#  > 【月之花海】獸迷、毛毛、Furry討論區 >  > 狼群集會岩 >  >  如果你可以選擇，你會選擇住在北極極地還是森林

## 野生狼

我會選擇森林，那裡的物資應該會比極地還要多，也許會比較容易生存下去

----------


## 峰峰

我也是森林
跟你的想法一樣~
不過狼在雪地奔跑是很美的畫面，可以的話希望有交界處XDD
這樣可以來回奔跑

----------


## 雷貝

我也是會選擇森林 :jcdragon-drool: 

我同樣也認為狼在雪地奔跑是很美的畫面，所以可能會選擇那種飄著雪的針葉林

然後在森林裡面和精靈成為朋友.......咦？

----------


## 小月狼

我會選擇極地因為我的毛是白色的容易被發現如果在森林
再加上我覺得雪景是十分之美麗的一群狼族雪地奔跑
QQ  :wuffer_howl:  :jcdragon-hi:

----------


## 野生狼

狼在雪地奔跑的確是很美的畫面,如果要來回奔跑的話,也許在山上或是緯度高一點的的地方會有交界處
感謝各位狼友的回覆

----------


## 缪里

啊我的想法和峰峰一樣！
大概就是有雪山然後山腳有森林瀑布湖泊之類的
雪山後面的山區也都是雪w
然後冬季的時候會下雪哦？
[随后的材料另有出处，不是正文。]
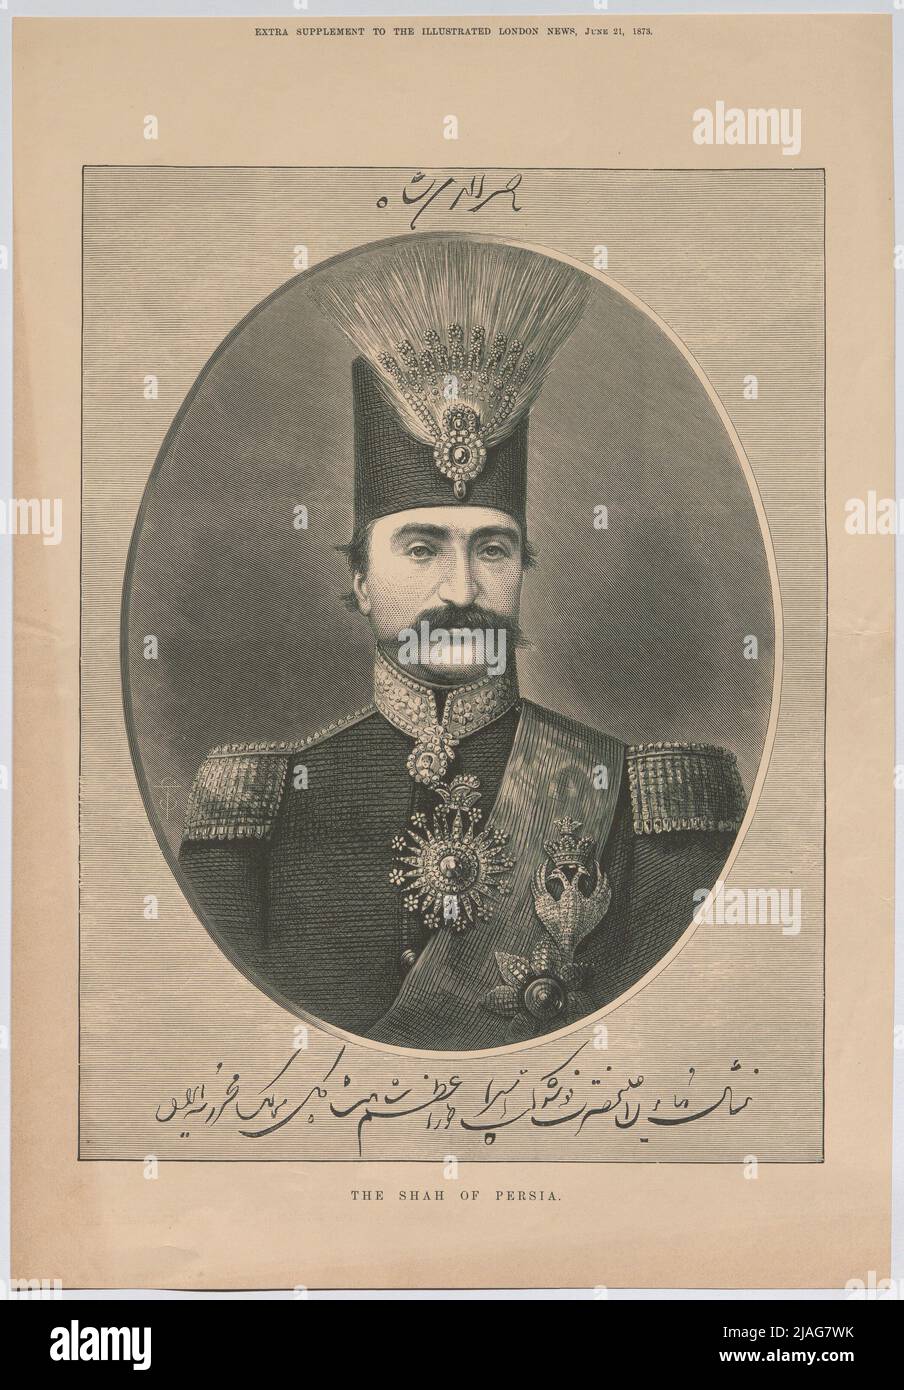 Le Shah de Perse. '. Naser ad-DIN, Shah of Persia (du « supplément supplémentaire de The Illustrated London News »). Inconnu Banque D'Images

覆蓋大半個森林這樣子
樹的種類也有很多山腳是針葉樹葉那種類型
靠近森林邊緣則是那種楓叶樹，啊秋天會落葉很漂亮w都是金黃的一片w

----------


## tobyhokh

森林吧，森林比較舒服。雪地要找食物比較困難，而且日夜氣溫相差好大。

----------